## [Data excerpt]
......
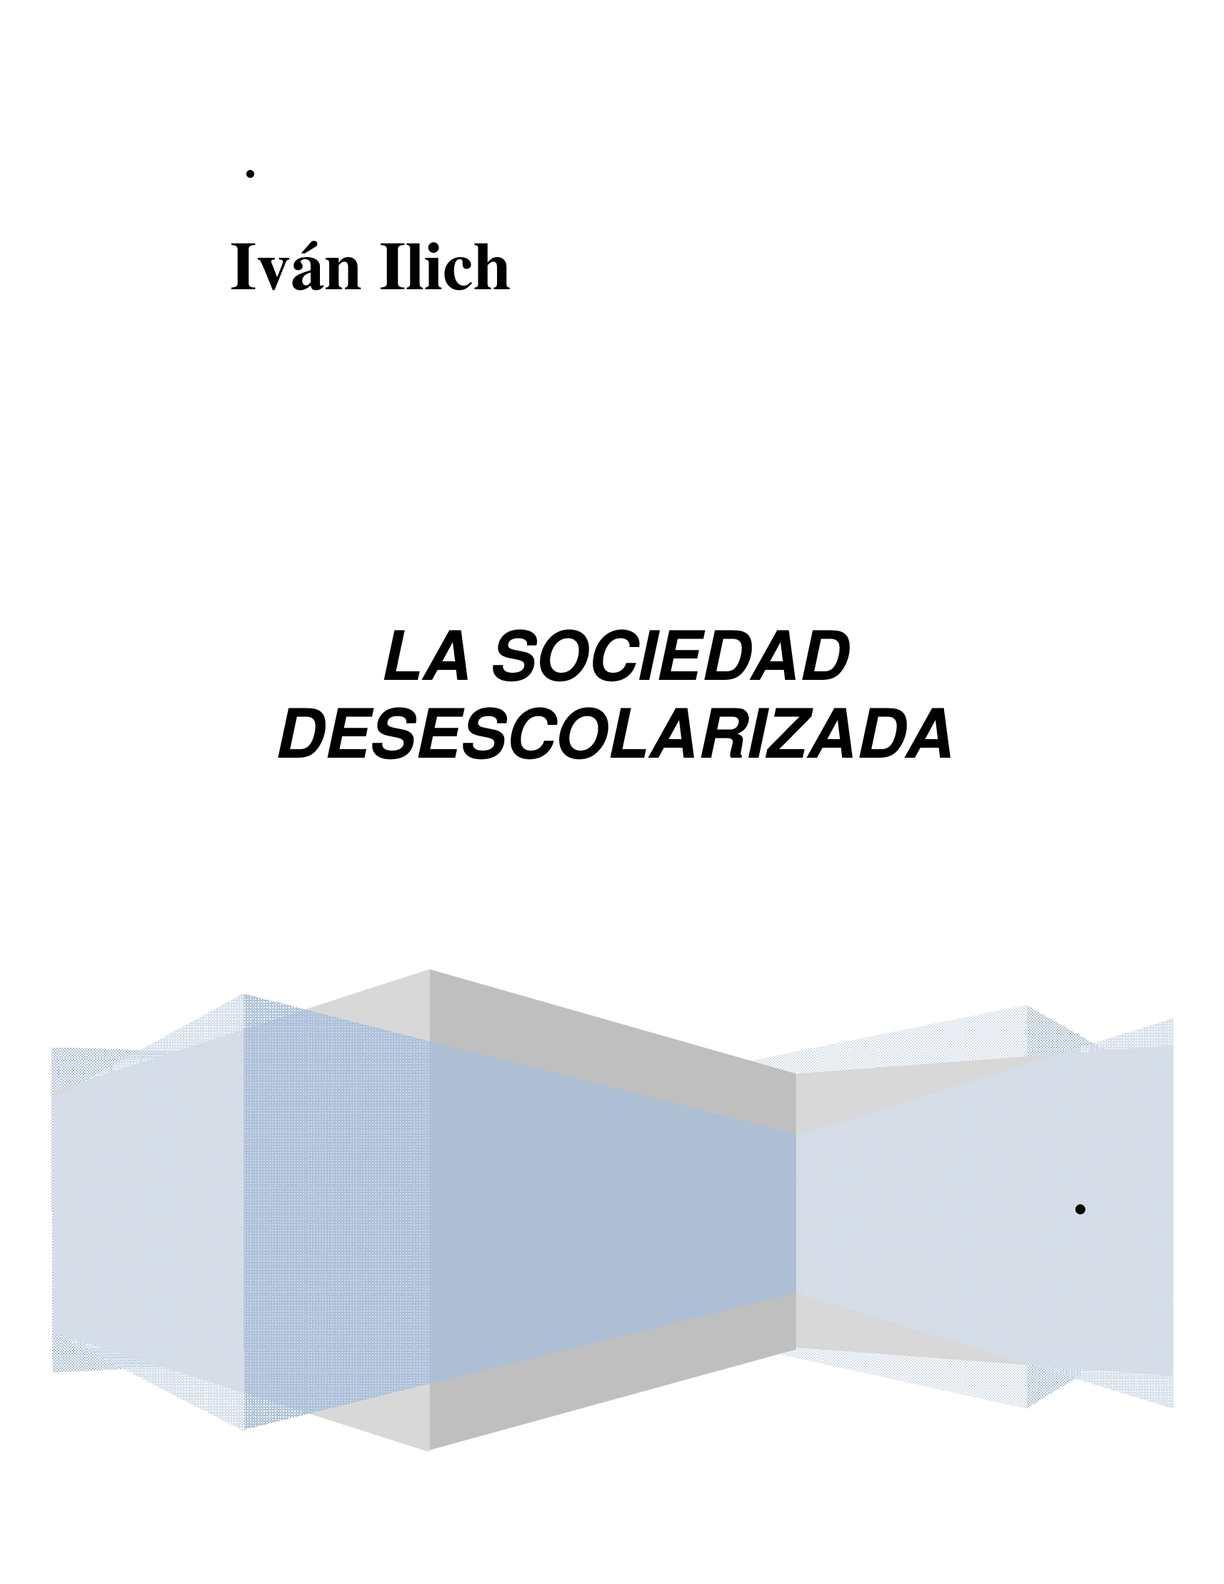 Calaméo - GI - IVAN LLICH - LA SOCIEDAD DESESCOLARIZADA
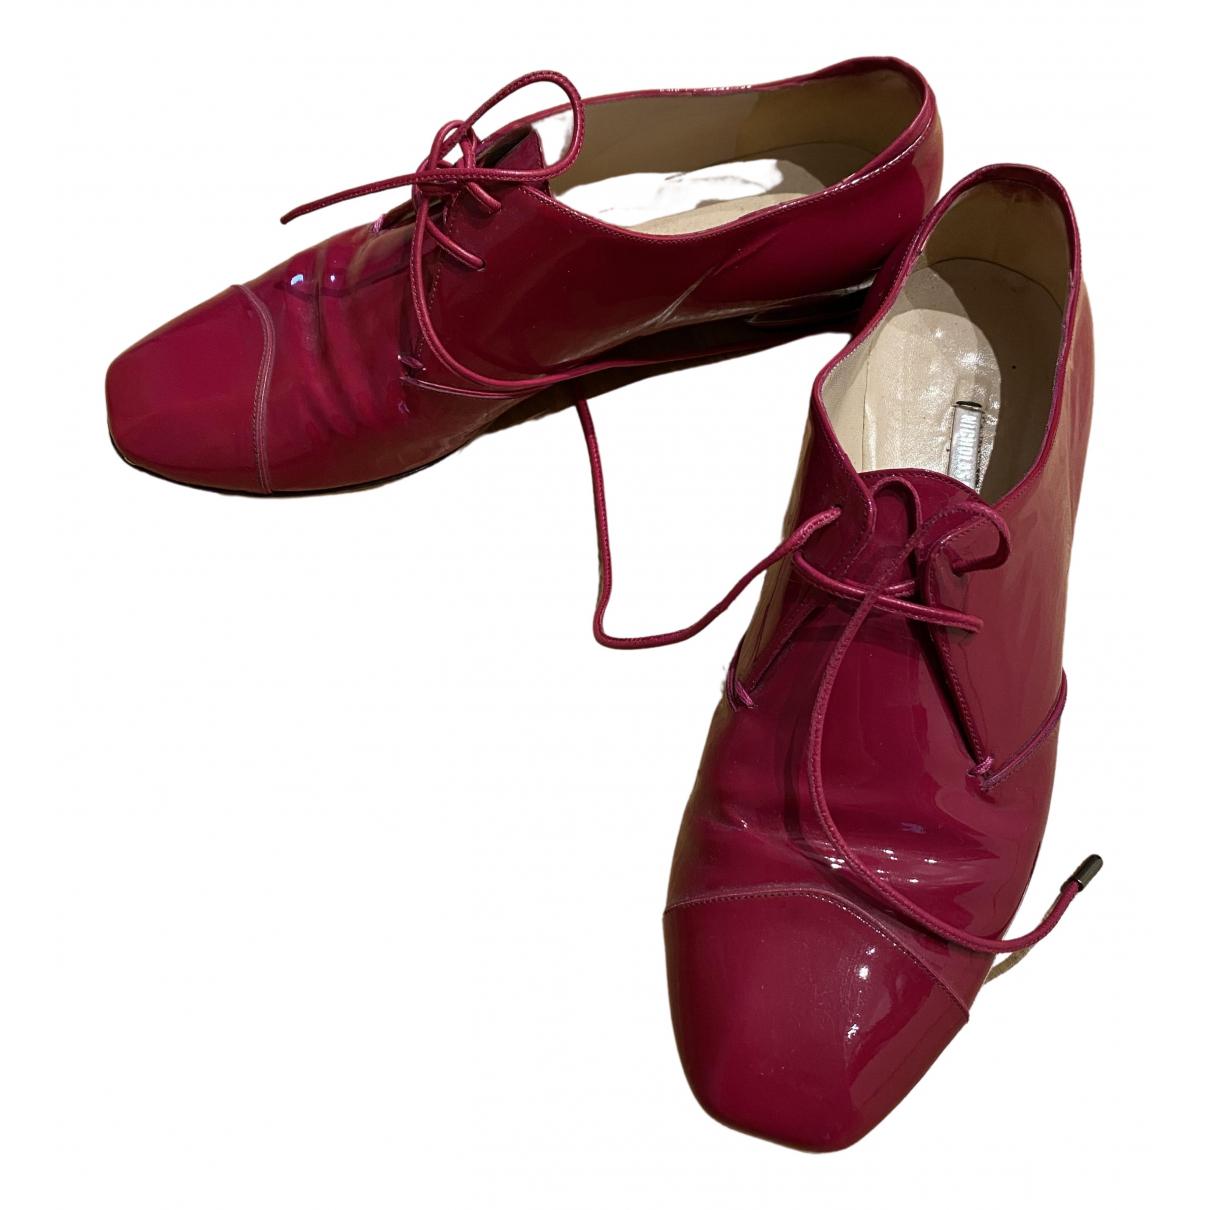 Nicholas Kirkwood \N Pink Patent leather Lace ups for Women 37 EU
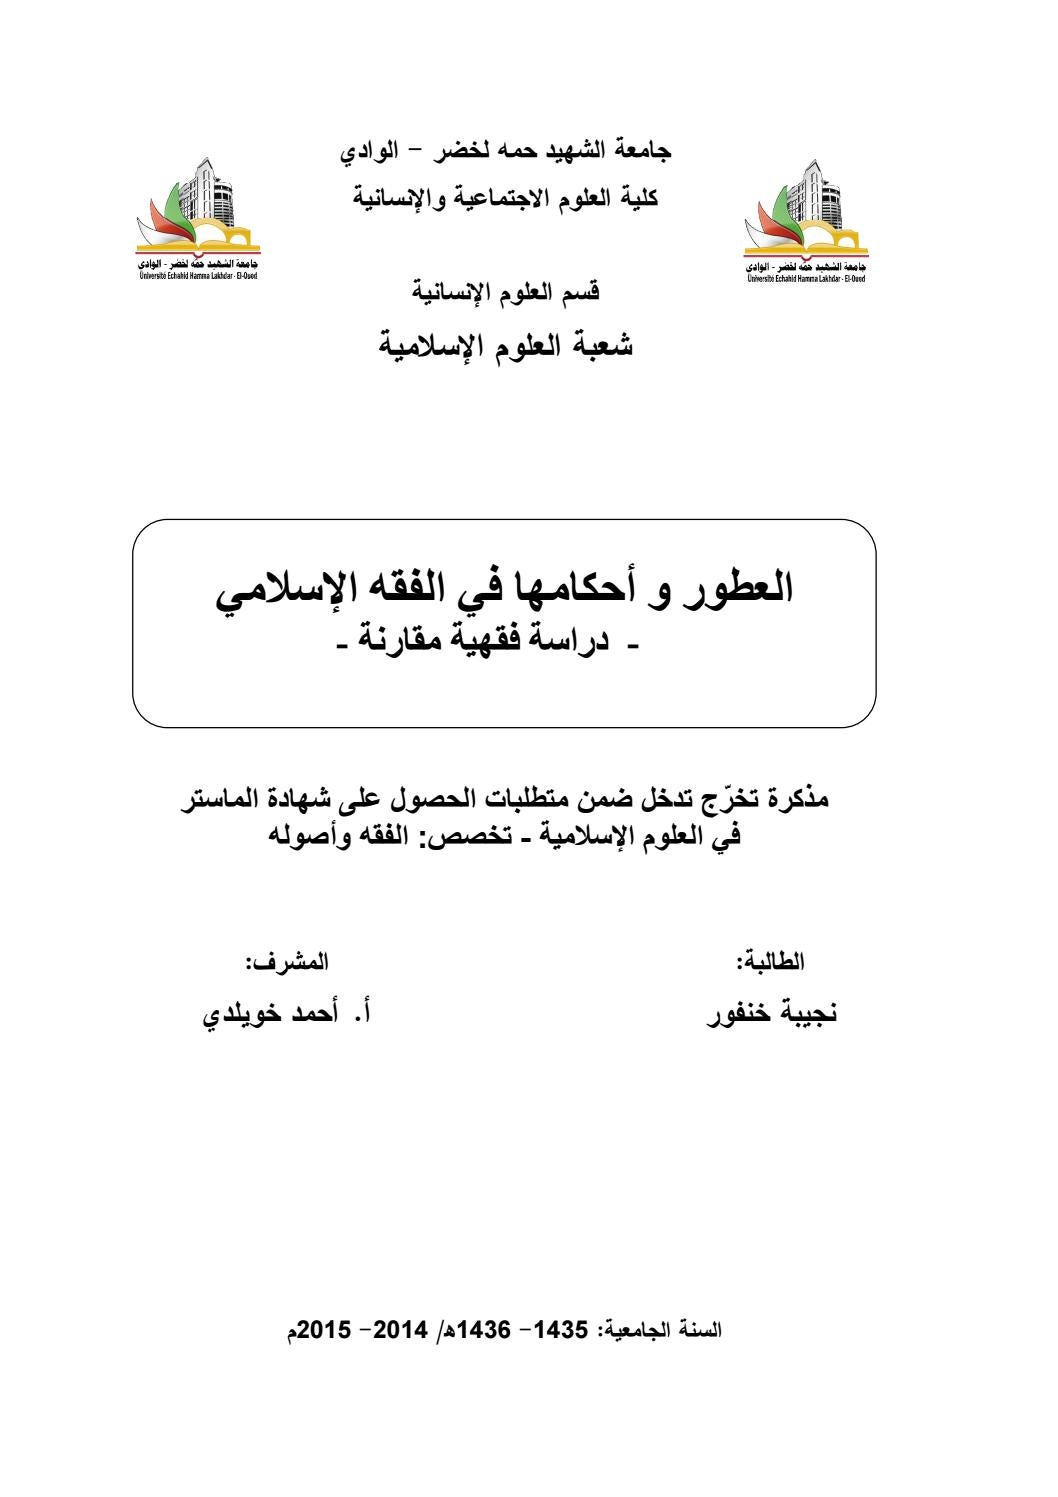 49a8e9b28 العطور واحكامها في الفقه الاسلامي by Adel Almohsen - issuu
......
## [What is needed]
Copy out all of the data word for word. Do not carry over any picture.

## [Solution to this task]
 Calaméo - GI - IVAN LLICH - LA SOCIEDAD DESESCOLARIZADA
 Nicholas Kirkwood \N Pink Patent leather Lace ups for Women 37 EU
 49a8e9b28 العطور واحكامها في الفقه الاسلامي by Adel Almohsen - issuu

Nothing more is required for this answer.